What to do:
Go through the data below and copy it exactly, skipping every picture.

Data shown:
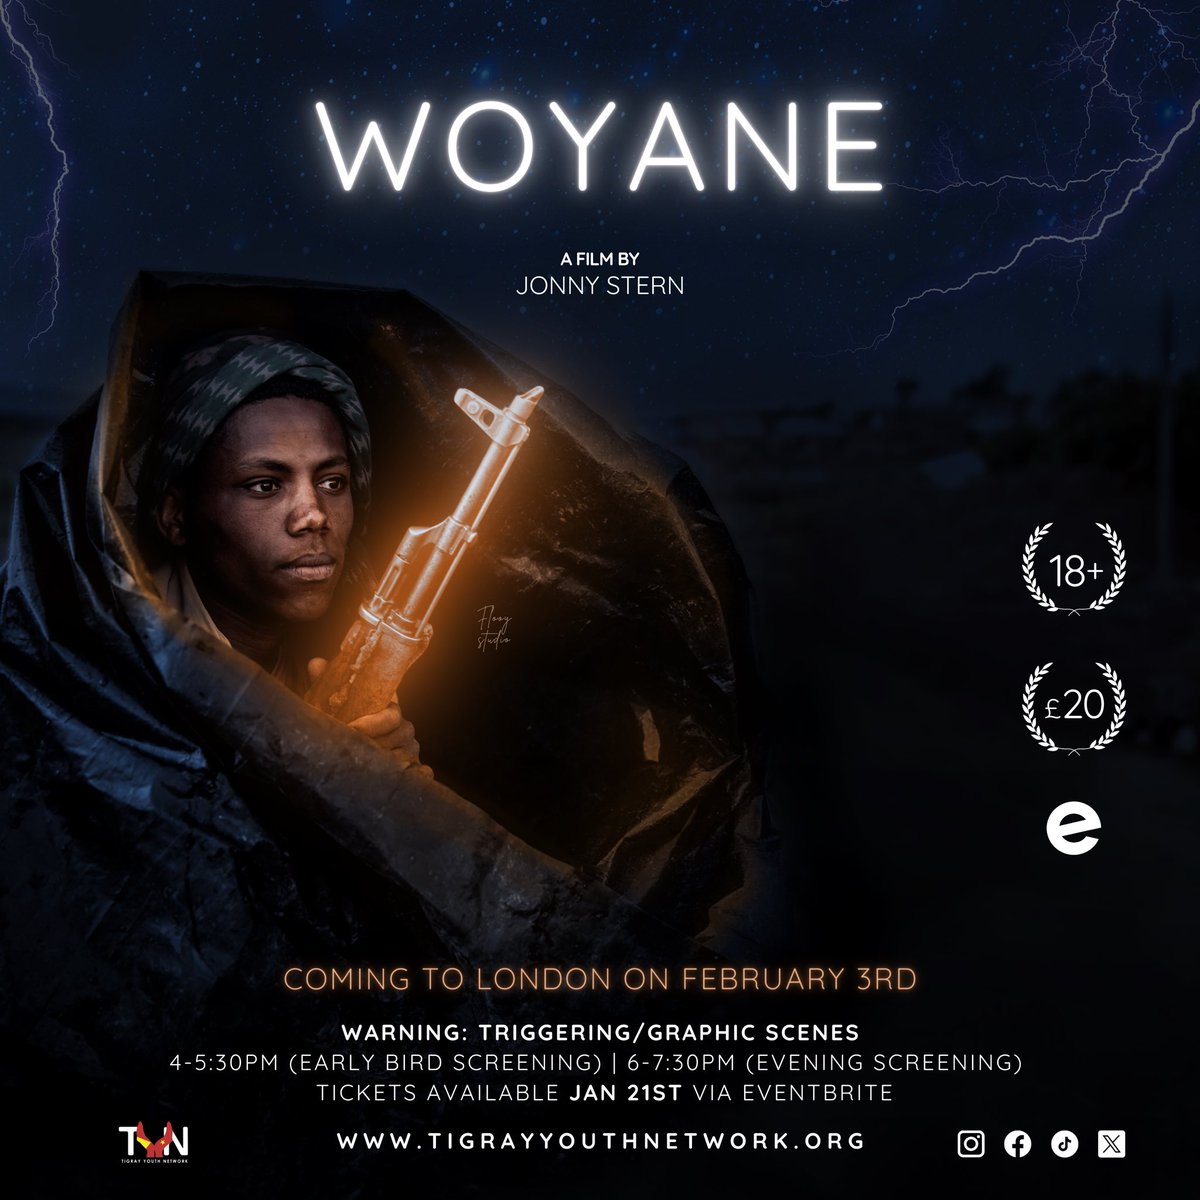 Join us for an engaging evening of thought-provoking cinema and insightful conversation at our exclusive screening event featuring the short documentary 'Woyane' by @jonnyst. Tickets will be available Sunday 21st January.
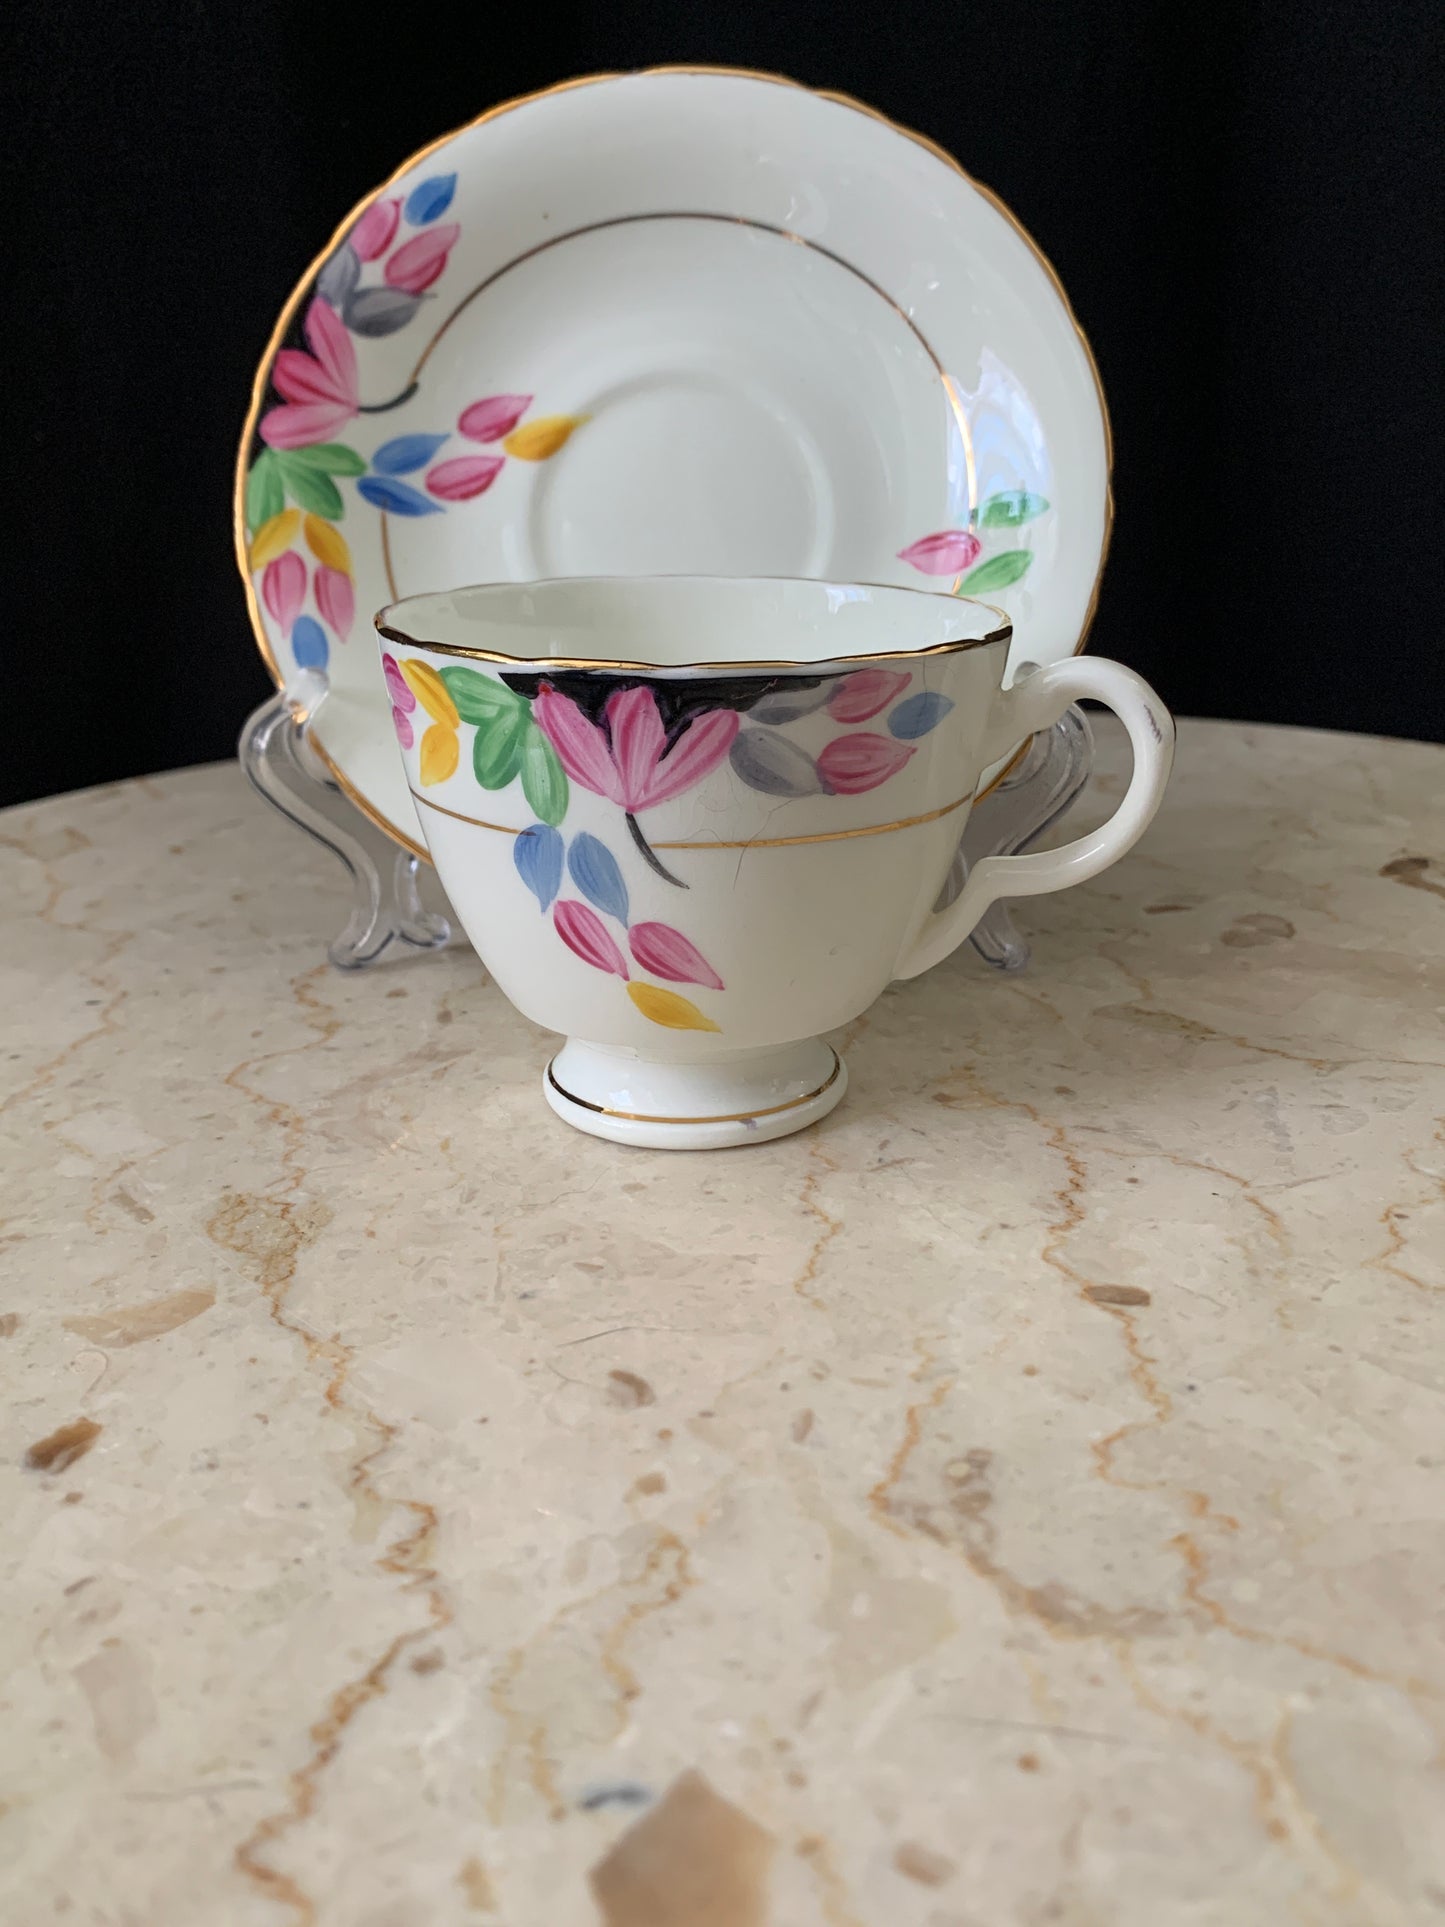 Hand Painted Floral Vintage Teacup and Saucer Set
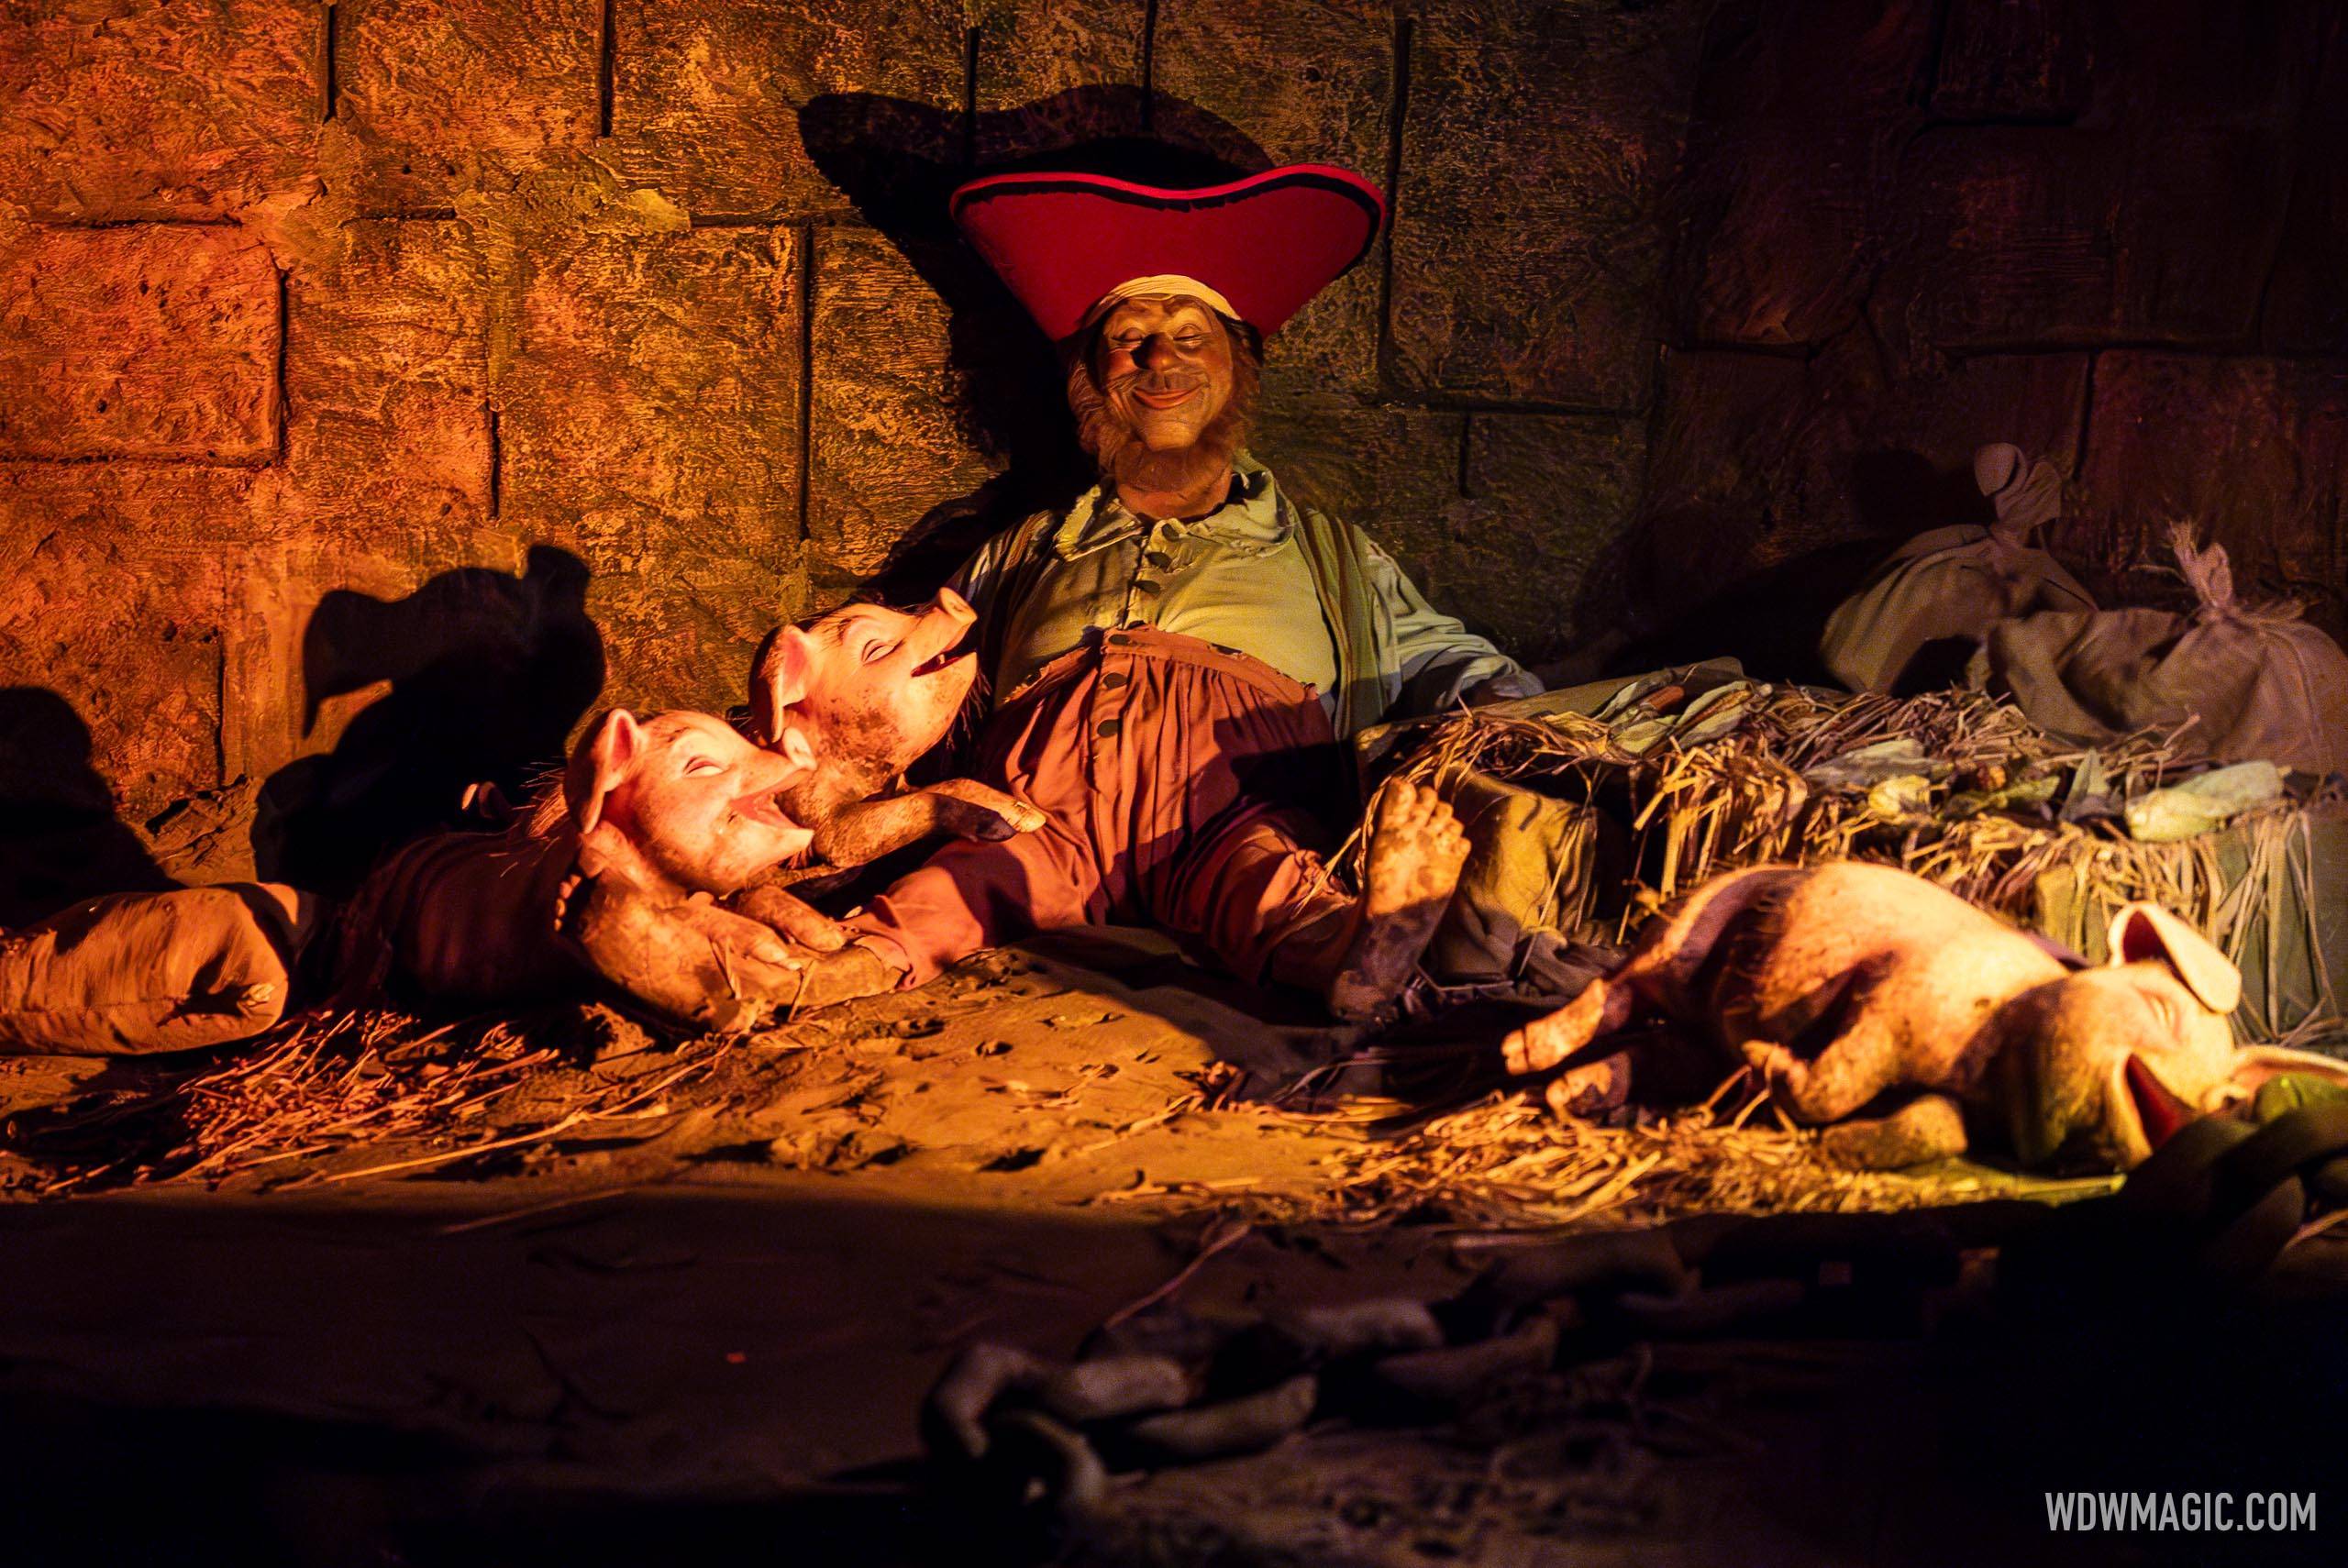 Pirates of the Caribbean reopening report

Finished exercise:
 Join us for an engaging evening of thought-provoking cinema and insightful conversation at our exclusive screening event featuring the short documentary 'Woyane' by @jonnyst. Tickets will be available Sunday 21st January.
 Hand Painted Floral Vintage Teacup and Saucer Set
 Pirates of the Caribbean reopening report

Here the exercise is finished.